La ricchezza del dinamismo pasquale.
La forza della pasqua non va pensata come realtà che si manifesterà solo alla fine dei tempi, perché essa penetra e trasforma già oggi la storia del cristiano, della chiesa e del mondo. I “cieli nuovi e la terra nuova” sono già iniziati, i segni della risurrezione sono presenti tra noi. Quando parliamo di risurrezione, noi parliamo di una energia che trasfigura l’intera vita ed ogni creatura.
La “memoria” che lo Spirito di Dio compie degli eventi della salvezza nella via liturgica continua il metodo dell’incarnazione e della pasqua. Una glorificazione della condizione umana, che viene assunta nella sua concretezza. È questo che fa di ogni tempo liturgico un’esperienza antica nella perennità del dono e un’esperienza nuova nella concretezza sempre diversa della vicissitudine storica.

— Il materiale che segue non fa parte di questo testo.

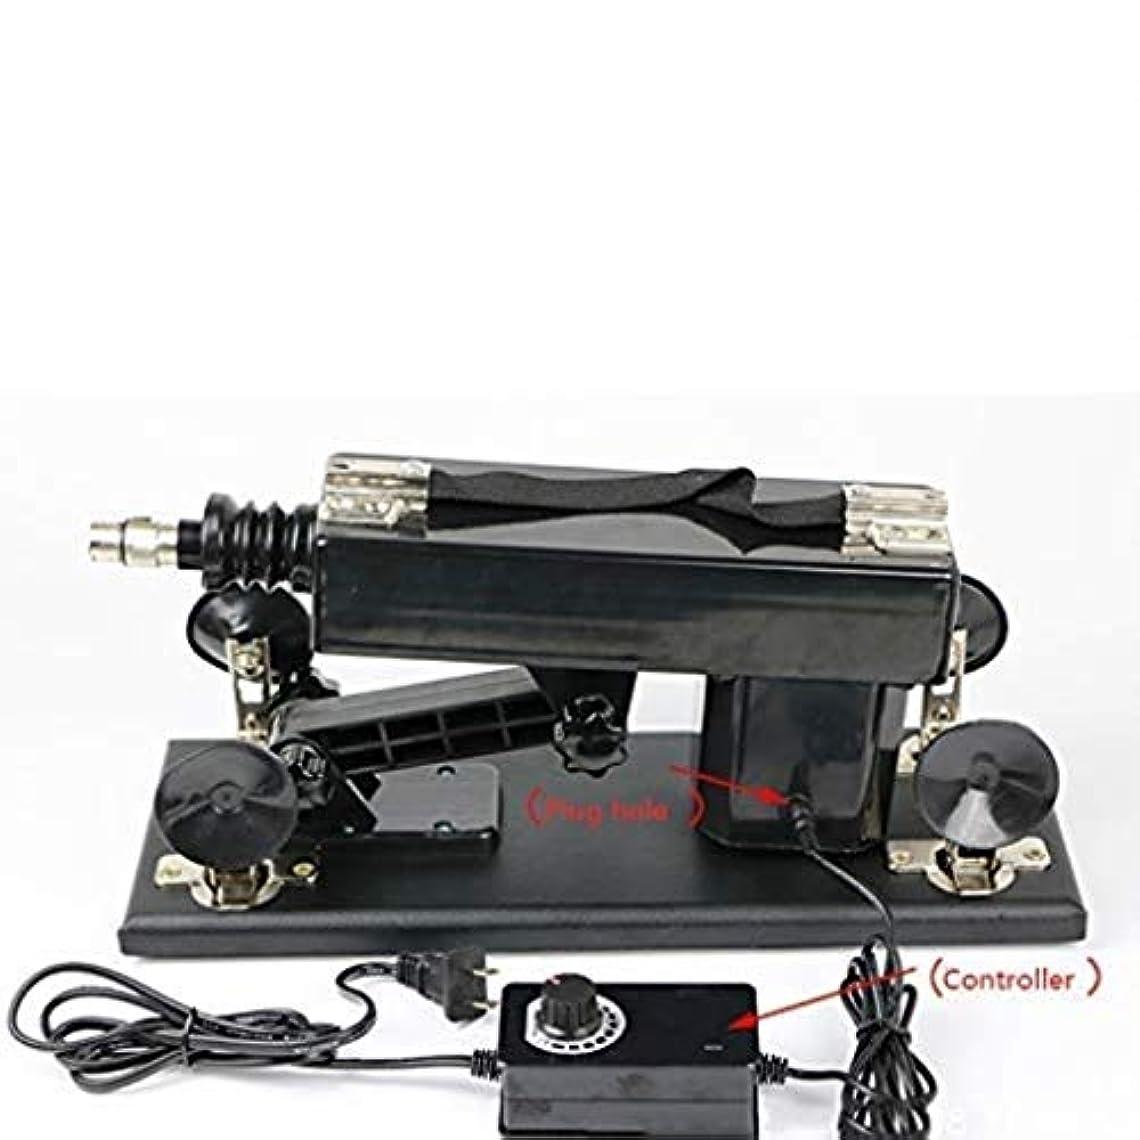 汚い石製造業Risareyi 電気自動大人機械マッサージツール速度と角度すべて制御マルチ角度調整可能な大人のおもちゃ6おもちゃ最高の贈り物

Nei fatti l’attuale cammino storico è segnato da profondi disagi di varia natura. La crisi economica che porta impoverimento in molte famiglie (e a fronte di questo sta insopportabile il lusso di altri); l’oscurità delle prospettive dei prossimi mesi; una crisi evidente sul piano della validità e dell’orientazione vitale delle persone e della società; un politica persa nei luoghi del potere, degli interessi particolari e delle menzogne senza vergogna; la difficoltà di una chiesa che sembra voler seguire sempre più una chiusura conservatrice perdendo la sua funzione di lievito e di speranza concreta per gli uomini e le donne di oggi; la precarietà dell’ecumenismo ridotto spesso ai convenevoli dei pasticcini e delle parole retoriche.
È un quadro pesante. Può essere alleggerito in uno sguardo al futuro possibile e alla certezza escatologica? Ma, in questa maniera, non lasciamo questi giorni al serpente? Non facciamo della pasqua un lusso alienante? Dinanzi a questo, è opportuno vivere il tempo grande di quaresima-pasqua, la santa decima dell’anno e il cinquantenario della gloria, collocandoli dentro una prospettiva che assuma la difficoltà attuale portandola dentro la luce pasquale senza alienarsi dalla durezza delle sue oscurità, anzi portandole dentro la luce del risorto Signore. La risurrezione non è un evento che avverrà alla fine, perché è un evento già avvenuto e illumina il cammino dei giorni e delle opere. La luce della pasqua è ora e qui.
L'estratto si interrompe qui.